In applying this rule, the court did not seek to divine the specific intent of the parties concerning the ownership of any particular substance; rather, the aim was to ascertain the general intent of the parties, granting to each the ownership of the physical elements necessary to the reasonable enjoyment of his interest, Acker, 464 S.W.2d at 352 (quoting Kuntz, The Law Relating to Oil and Gas in Wyoming, 3 Wyo.L.J. 107, 112 (1949)). See also G. Jefferson Mason, Comment, Surface or Mineral: A Single Test, 23 Baylor L.Rev. 407, 414-15 (1971). In fact, the court recognized in Reed v. Wylie, 554 S.W.2d 169, 171 (Tex.1977) {Reed I) that disputes of this type rarely involve substances about which the parties had any specific intent whatsoever; rather, they are inclined to concern unnamed minerals which later become very valuable, the subsequent controversy determining only who will be enriched by the extraction of the substance. Id.

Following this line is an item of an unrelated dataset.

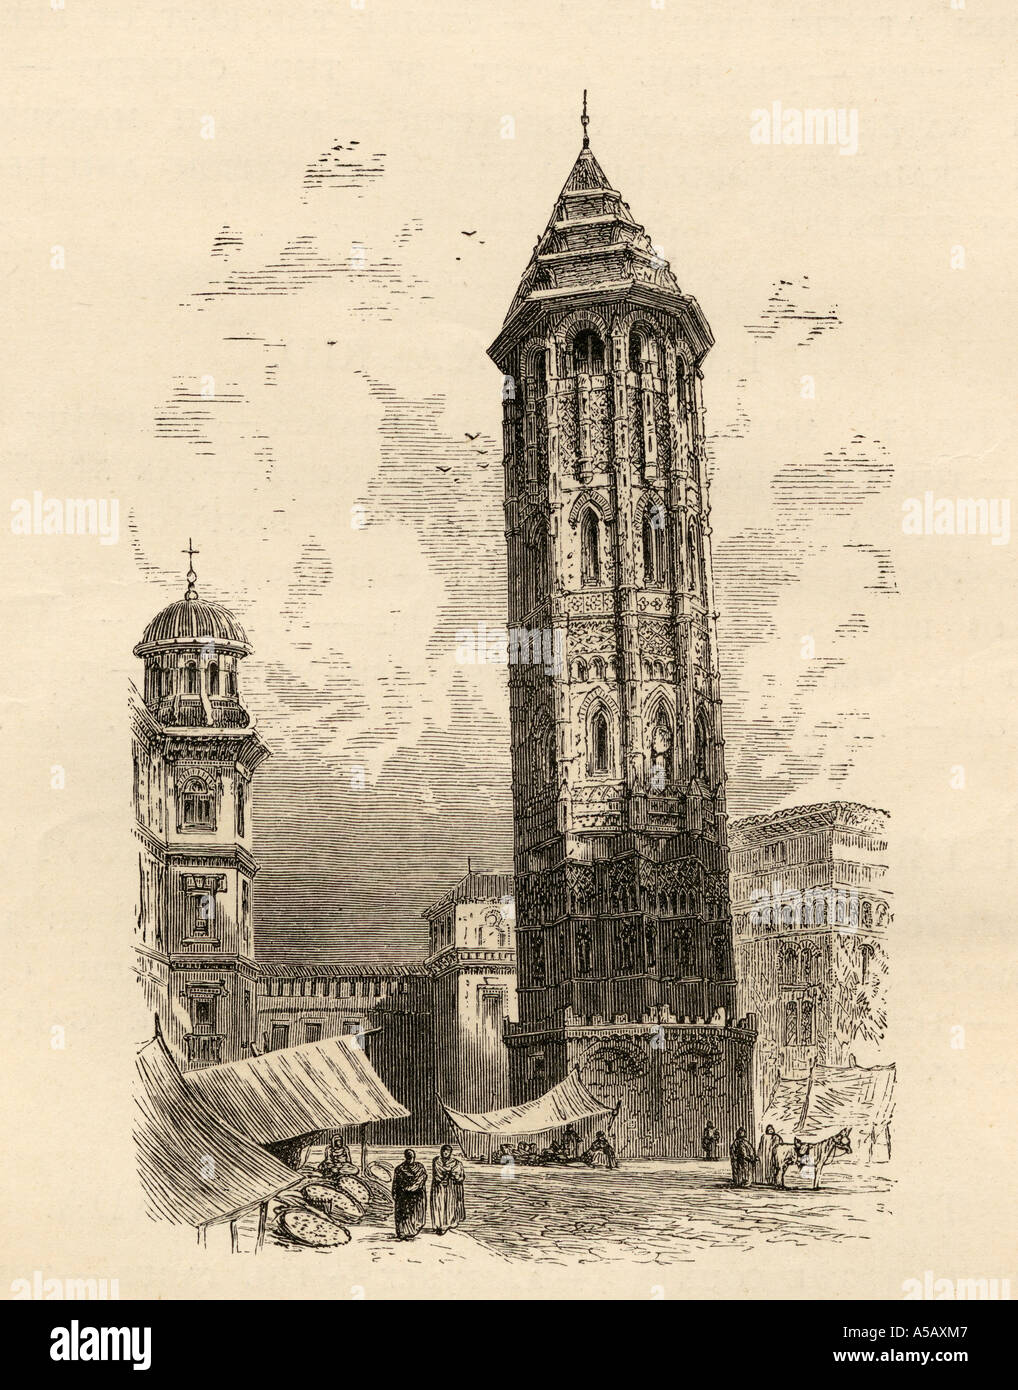 La tour penchée de Saragosse, aka Zaragoza, Espagne, avant d'être démolis. Le livre de photos de l'espagnol Rev Samuel Manning, publié en 1870. Banque D'Images
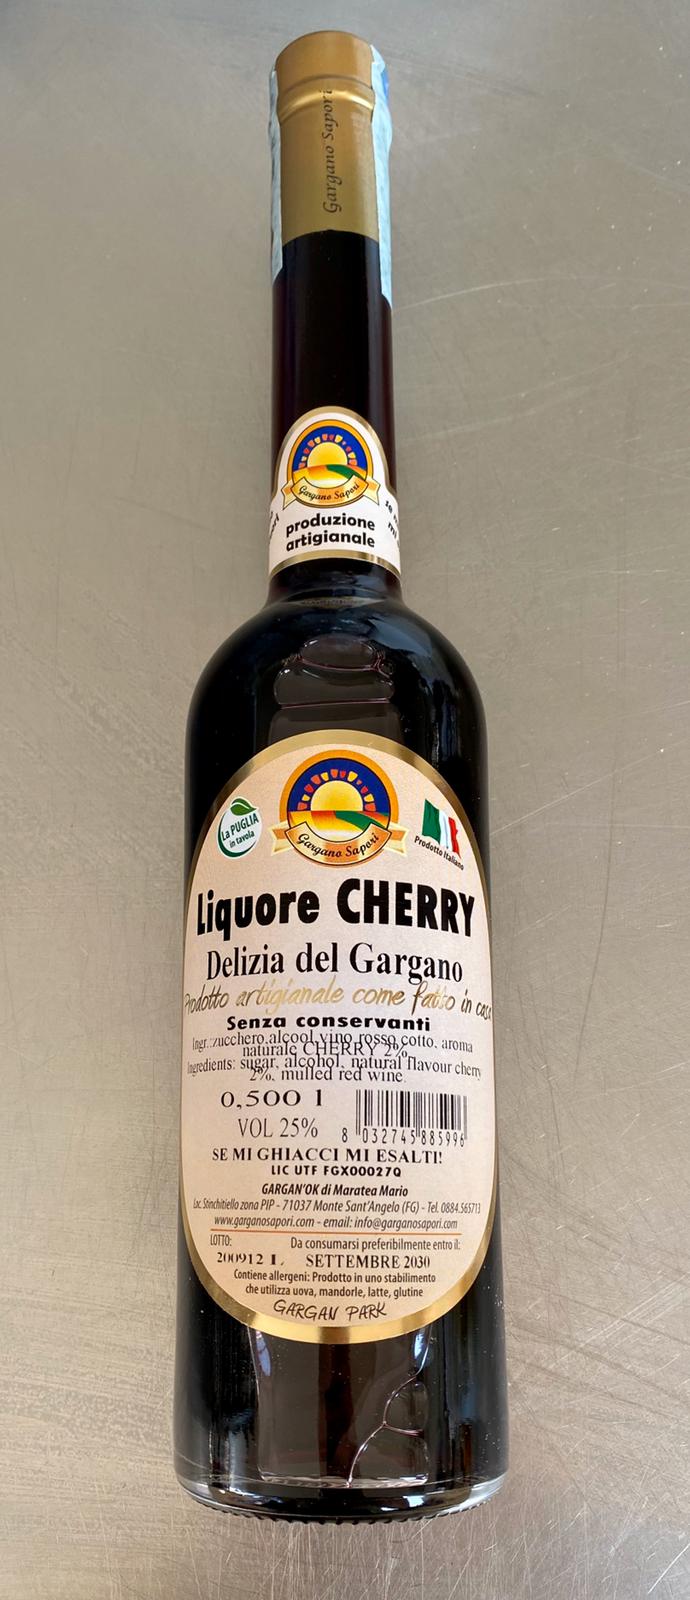 LIQUORE CHERRY DEL GARGANO 500 ML - 2 Bottiglie - I migliori prodotti Made in Italy da Fiera di Monza Shop - Solo 27.90€! Acquista subito su Fiera di Monza Shop!

Thus, the “surface destruction test” had its genesis in protecting surface owners from the uncompensated destruction of their interest by the exercise of the exploration and extraction rights of the “mineral” owner. A non-participating royalty interest, however, is non-possessory in that it does not entitle its owner to produce the minerals himself. It merely entitles its owner to a share of the production proceeds, free of the expenses of exploration and production. See generally Arnold v. Ashbel Smith Land Co., 307 S.W.2d 818, 825 (Tex.Civ.App. — Houston 1957, writ refd n.r.e.). The Richardson Heirs, by virtue of their non-participatory interest, are not entitled to come onto the land for any purpose, let alone to consume or deplete the surface in the pursuit of a mineral. See Lee Jones, Non-participating Royalty, 26 Tex.L.Rev. 569, 570 n. 4 (1948). Thus, they argue that the reservation of their interest did not become “ambiguous” by creating the potential that the Crewses would suffer uncompensated damage to the surface at their hands. The term “mineral,” they argue, ought to be construed according to its ordinary meaning to include uranium. We disagree.